Внезапно усилившийся ветер перешерстил гриву Ареева шлема, и бог погнал колесницу через Кефис, туда, где в болоте копошились его жрецы и жертвы.
Алкид смотрел ему вслед, не замечая бегущего к брату Ификла, так и не сумевшего обнаружить на том берегу хоть кого-нибудь из фиванских обозников.
— Мусорщик? — в горле словно застряла глиняная корка, и все не удавалось заставить дрожащие руки забыть о валунах, бревнах и хлюпающей грязи. — Ну что ж, это правда…
9
Сил у Амфитриона не оставалось — только опыт и годы, враждующие между собой; и хотел бы он знать, что в конце концов перевесит. Отдавать приказы было некогда и некому, все резервы, включая самого лавагета, утонули в рычащей мешанине боя, и можно было делать лишь одно — тупо отражать и наносить удары, доверившись телу и стараясь не думать. Чтобы выжить. Чтобы не упасть в вязкую трясину, подняться из которой уже не будет суждено. Чтобы отправить по протоптанной дороге в Эреб еще одного орхоменца. Вот этого. И вот этого. И еще вон того, с разорванным ртом. И еще…
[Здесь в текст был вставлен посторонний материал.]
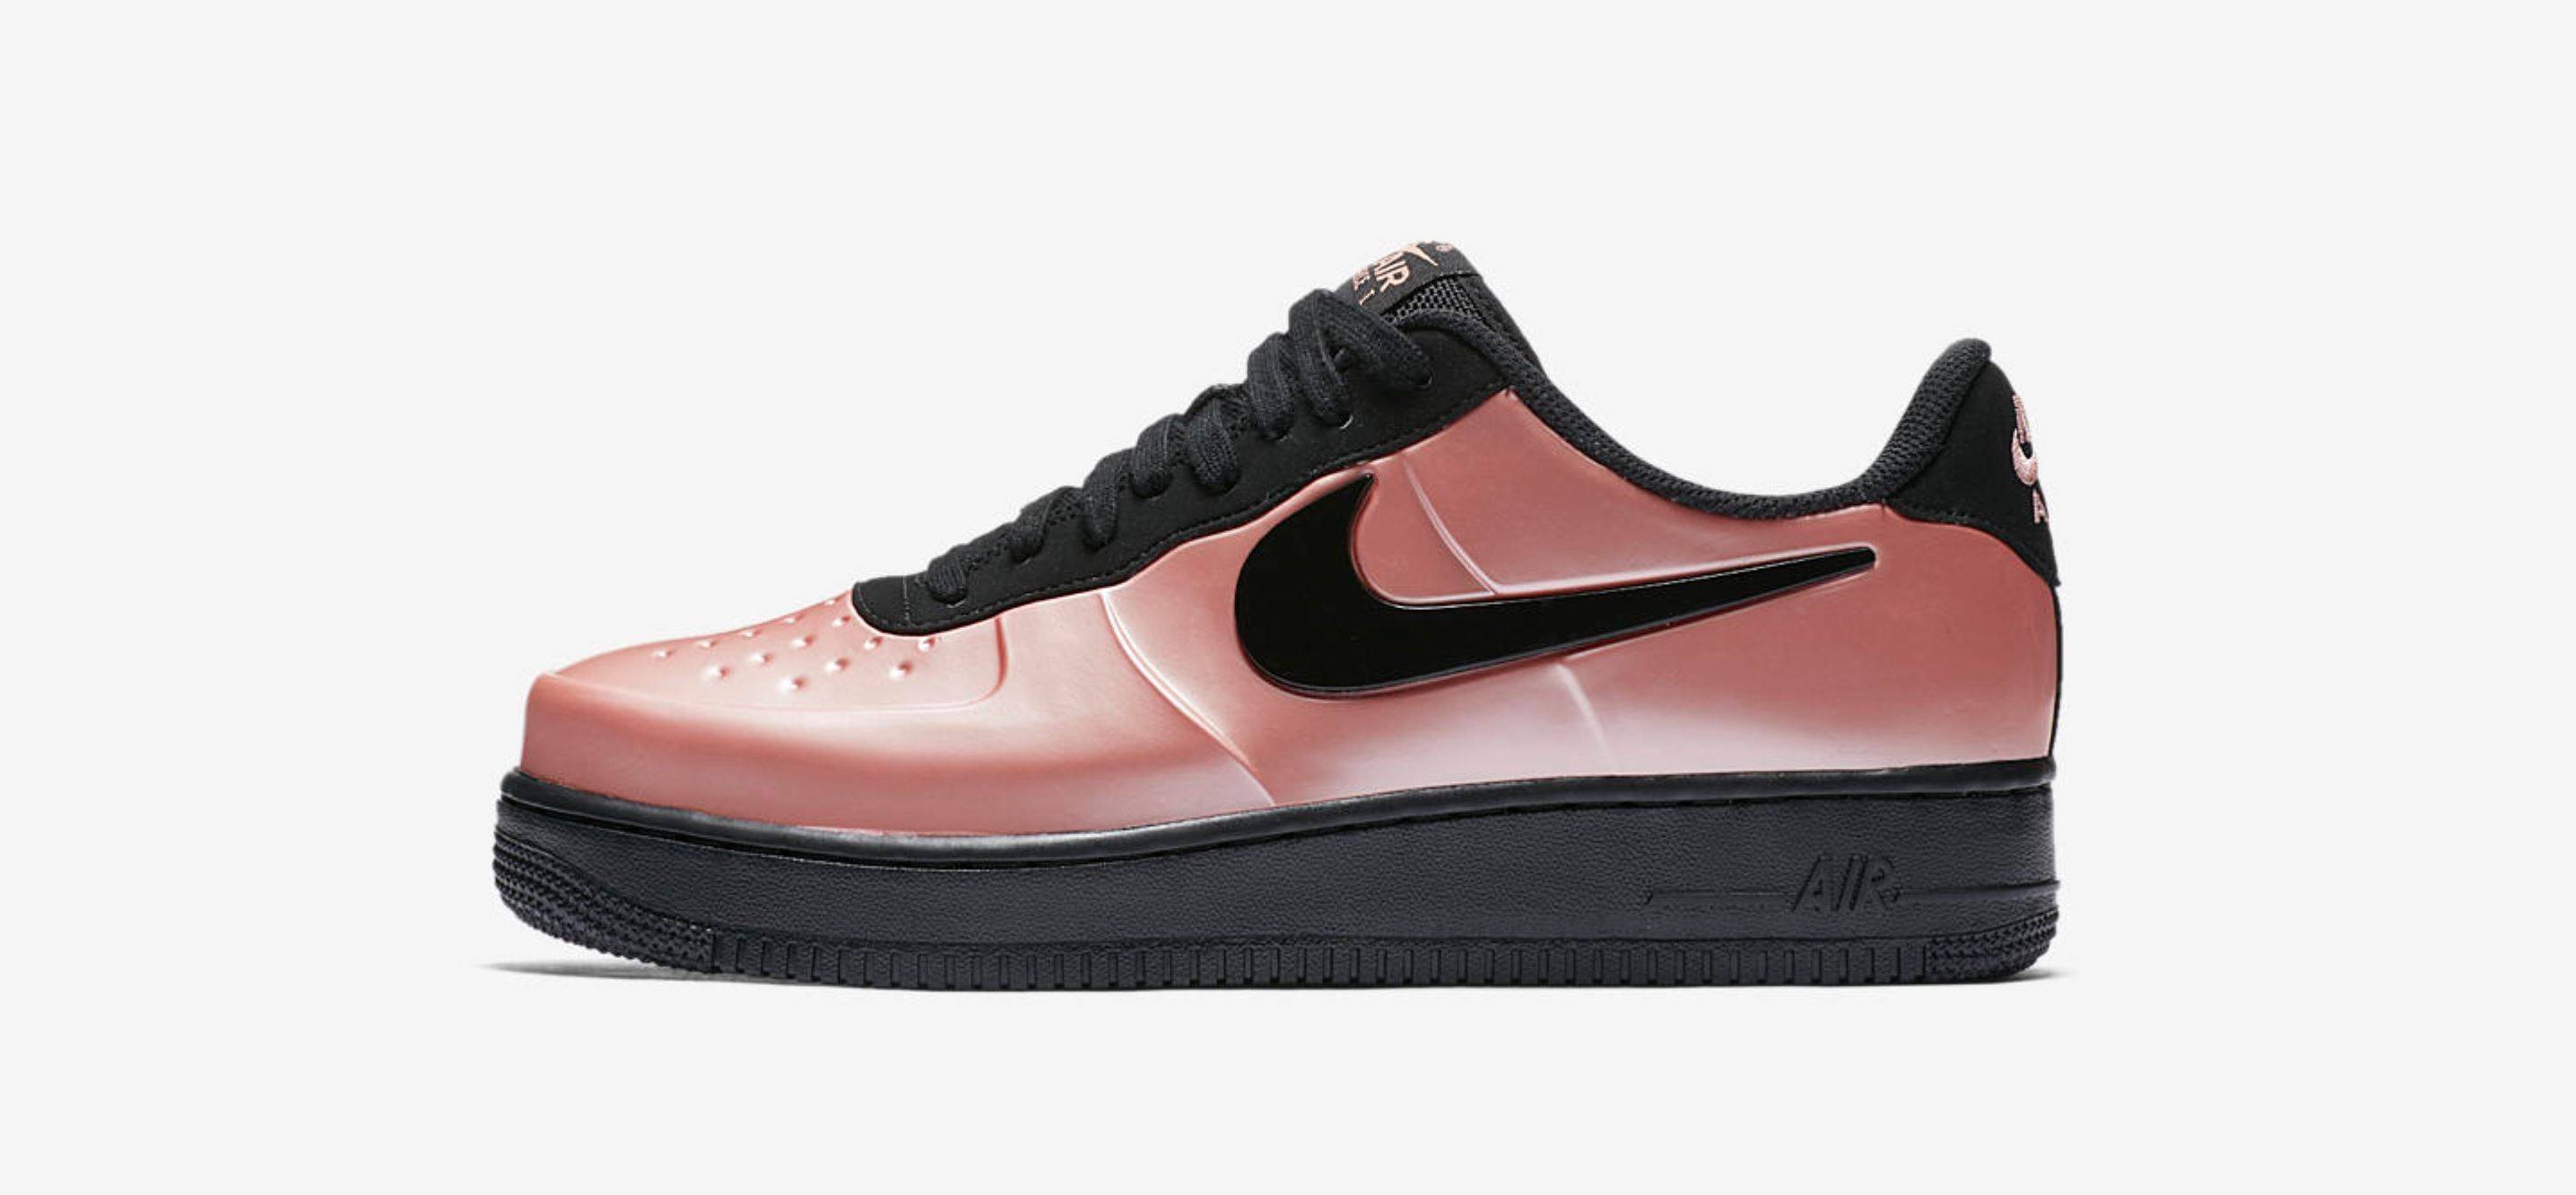 The Nike Air Force 1 Foamposite Pro Cup Drops Tomorrow - WearTesters

Амфитрион втиснулся в узкое пространство между двумя столкнувшимися колесницами, наглухо перекрылся щитом и лишь изредка коротко и зло бил зажатым в правой руке копьем, чутьем старого воина ловя единственно возможный миг для змеиного укуса листовидного жала.
Когда вокруг становилось посвободнее, он успевал выудить из грязи несколько дротиков — и некоторое время не подпускал к себе минийцев, но дротики скоро кончались, и все начиналось снова.
— Эргин! — раскатилось совсем рядом. — Эр-гин! Эр-гин!
И несколько десятков глоток подхватили этот клич.
Ближайший орхоменец обернулся — и Амфитрион немедленно всадил копье в открывшийся бок.
— Эр-гин! Вперед, Орхомен!
Одни трупы громоздились перед лавагетом, и он рискнул выглянуть из своего укрытия.
— Эр-гин! Эр-гин!..
По болоту неслась колесница. Этого не могло быть, но это было. Золоченая, запряженная вороной парой, она попирала трясину, словно под колесами лежала укатанная дорога, и брызги грязи не приставали к сияющей обшивке.